A rigorous approach to brand reinvention begins with an asset audit: an honest assessment, using Fame and Uniqueness measurement, of which elements of the current brand are genuinely proprietary and commercially loaded versus which are merely familiar through habit. Some assets that feel central to a brand may score poorly on both dimensions -- they are not reliably linked to the brand by category buyers, and they are not exclusive. These can be retired with limited equity cost. Others may score high on Fame but low on Uniqueness -- widely recognized but not owned. These require careful handling. And some -- the leaping cat, for a brand like Jaguar -- score high on both, and their retirement should be treated with the gravity of a major divestiture, because that is precisely what it is.

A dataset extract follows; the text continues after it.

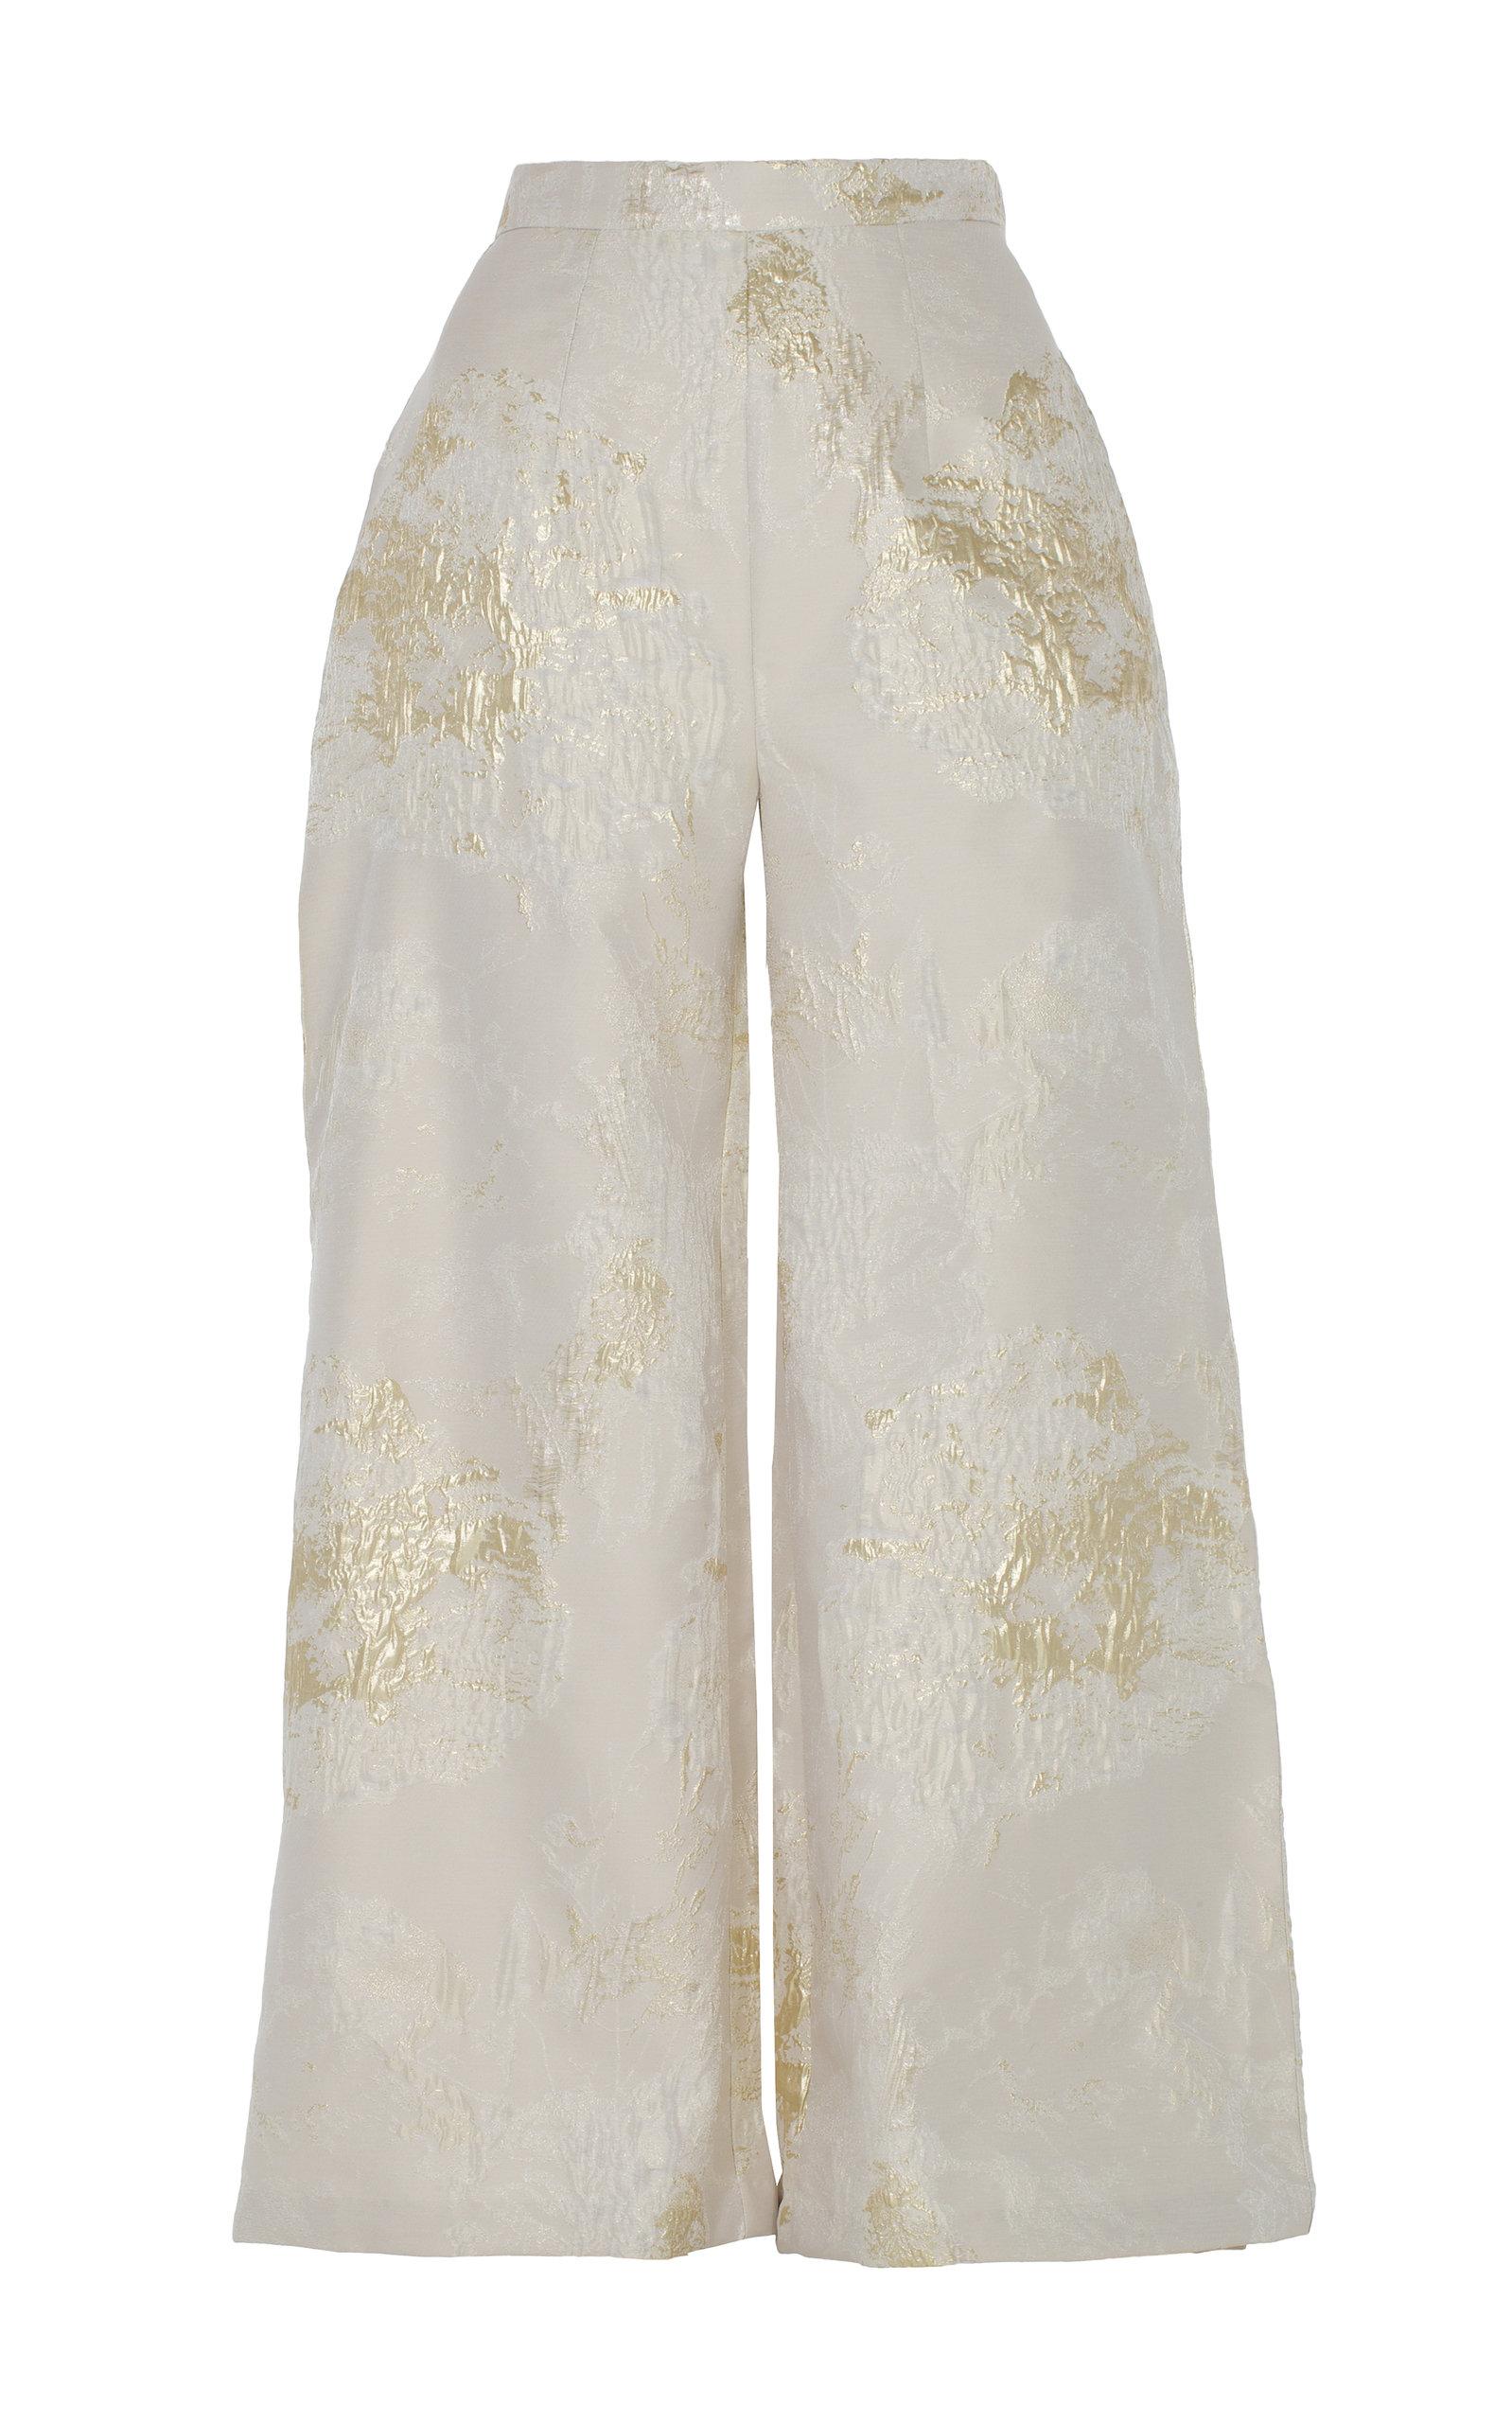 ANATOMI Brocade Iii High Waisted Pants in Gold

The second requirement is temporal honesty. Reinvention strategies that propose to destroy existing recognition and build new recognition simultaneously, while also executing a product transition and maintaining commercial volume, are making multiple simultaneous demands on time, investment, and consumer tolerance that almost never resolve favorably. The brands that have successfully repositioned -- Burberry in the 2000s, Old Spice from 2010, Dove from 2004 -- did so by extending the brand's existing equity into new territory, not by abandoning it. They found new things to do with what they already were, rather than deciding that what they were was the problem.
RDLB POINT OF VIEW
The brands RDLB works with that are most commercially durable are, almost without exception, the ones that take their own distinctiveness seriously as an economic asset rather than a creative preference. They measure it. They defend it. They make decisions about change from a position of genuine accounting -- understanding what the asset is worth, what it would cost to rebuild, and what the competitive environment looks like during the transition period. That accounting is rarely performed rigorously in organizations where brand is treated as a communications function rather than a balance sheet item.
The Jaguar case will likely become a standard reference in marketing effectiveness education, alongside the Gap logo reversal, the New Coke catastrophe, and the Tropicana packaging redesign of 2009. What these cases share is not bad design or poor execution. They share a failure to price the equity being retired. In each case, the strategic team understood what they were building toward. What they did not fully understand was the value of what they were walking away from. That is not a creative problem. It is a strategic measurement problem.
The practical implication for brand leaders is straightforward: run the asset audit before you run the brief. Measure what your current assets are worth in the minds of category buyers -- not through preference research, which reflects stated opinion rather than behavioral reality, but through distinctiveness testing, which measures what category buyers actually link to your brand when unbranded. Understand the Fame and Uniqueness scores of the assets you are considering retiring. Price that equity at replacement cost. Then build your reinvention case. If the growth rationale still holds, proceed with clarity about what the transition will cost and how long rebuilding recognition will take. If it does not, protect what you have built. The compounding of distinctive equity over time is one of the few genuinely durable advantages available to a brand in a competitive market.